According to the prevailing outlook of the majority of his contemporaries, Job’s suffering gave evidence of his sin; but God commended Job’s view that it didn’t.

The numerous false prophets in the days of Jeremiah and Ezekiel spoke messages in line with what their God-ignoring contemporaries wanted to hear, while the true prophets confronted them with their need to repent.

The general advice in King Nebuchadnezzar’s reign was that bowing to his image was the way to be ‘well and good’ (Daniel 3), but three faithful Jews preferred to serve God rather than to take part in idolatry, even if it cost their lives.

The general atmosphere among the people in Judah after the exile tended towards nostalgia, discouragement and fear, but leaders like Nehemiah and prophets like Haggai spoke and acted out of a vision for future restoration and greater glory.

The majority Jewish expectation in Jesus’ day was for a political-military Messiah to establish a worldly kingdom, but Jesus came as a suffering-servant Messiah to establish a spiritual kingdom. Most people reported he was a prophet; only a few recognised him as Messiah (Mark 8).

The parables of the kingdom that Jesus told (eg. Mark 4:30-32), and his words about the narrow gate and hard way (Matthew 7:13-14), suggest that following Jesus faithfully is a minority way and view of life. Even in the centuries of Christendom, the way of authentic discipleship may have been pursued by far fewer than those who practised religion out of socio-cultural convention or political-legal requirement. In our own day, in the West at least, those who believe the truth of the biblical gospel and live accordingly are following a distinctly minority report.

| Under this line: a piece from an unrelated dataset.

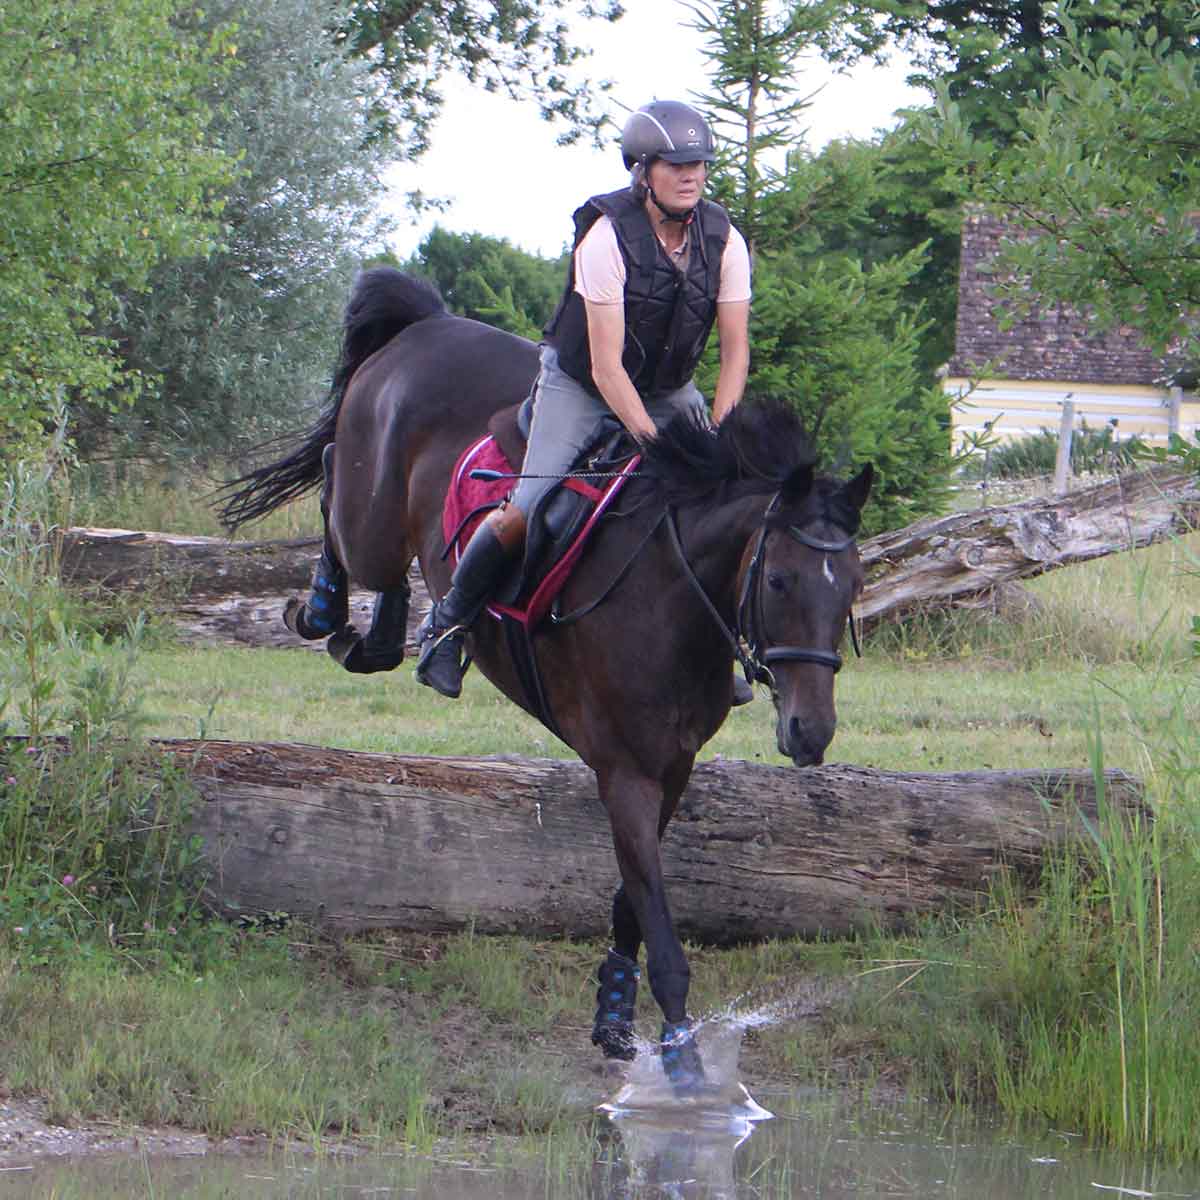 Ruth Bass nimmt mit ihrem Pferd eine Hürde in der Natur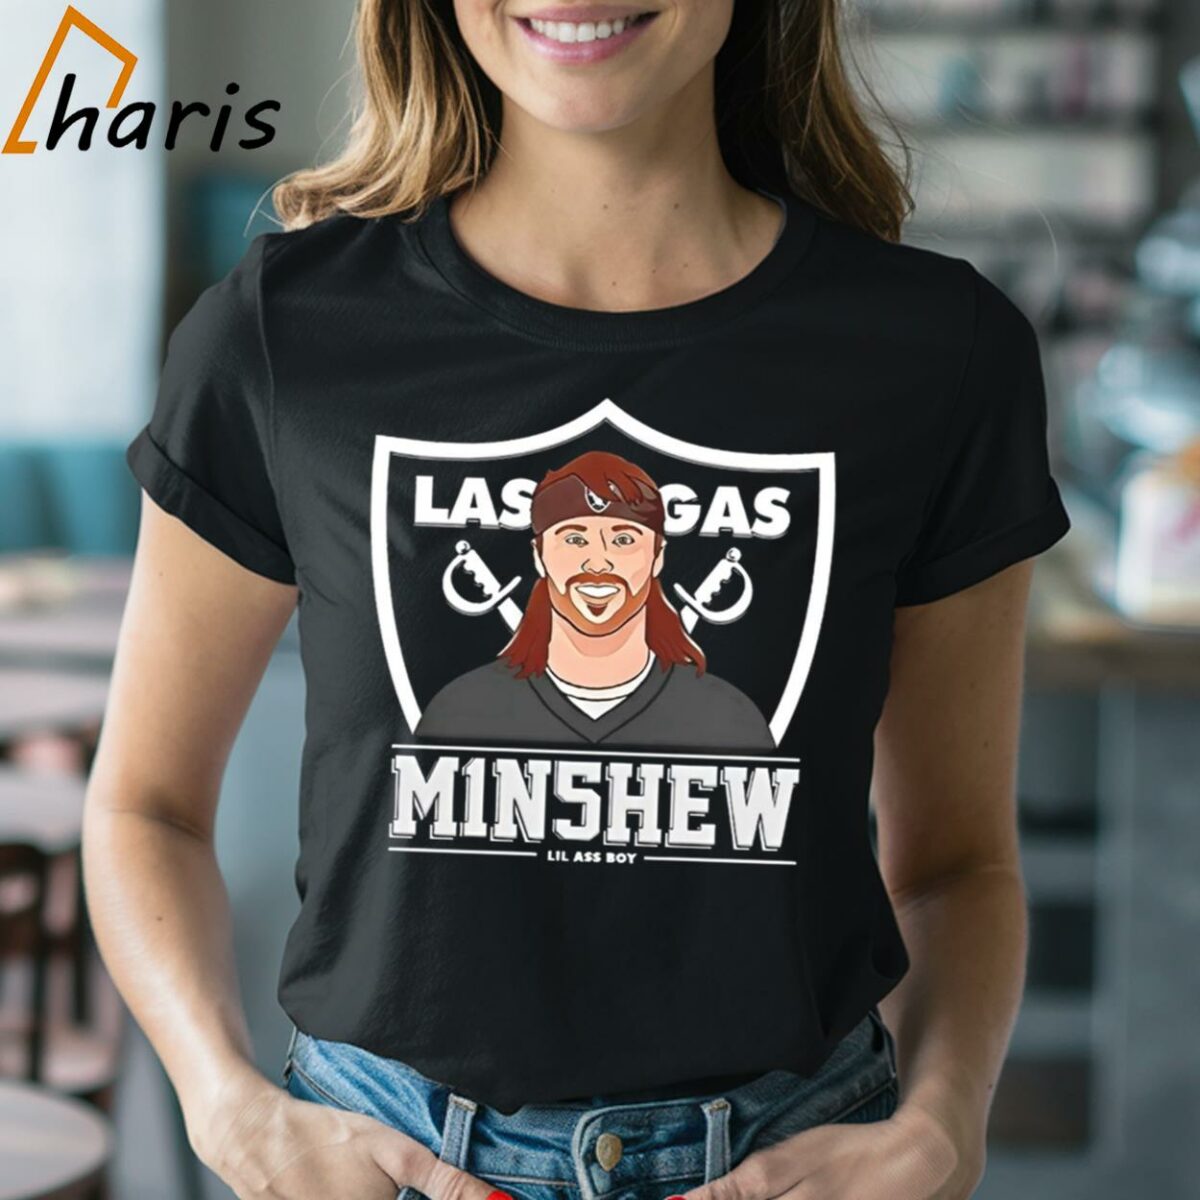 Las Vegas Raiders Gardner Minshew Lil Ass Boy Cartoon Shirt 2 Shirt

There are those who would also argue that extra-biblical history regularly testifies to majority views that later come to be discredited. Few people now think the sun moves round the earth, or that slavery is acceptable; most do not doubt that germs cause disease or that smoking is bad for you. But these were once minority reports.

None of this is to suggest that the majority report is always wrong – that would be as ridiculous as supposing the minority report is always right. Truth and reality are usually more complex and multifaceted than such black and white alternatives anyway, and few people would dare to suggest – especially in regard to contemporary issues and events in which they are themselves involved – that they have the comprehensive knowledge or God’s-view perspective to equip them to make such judgments.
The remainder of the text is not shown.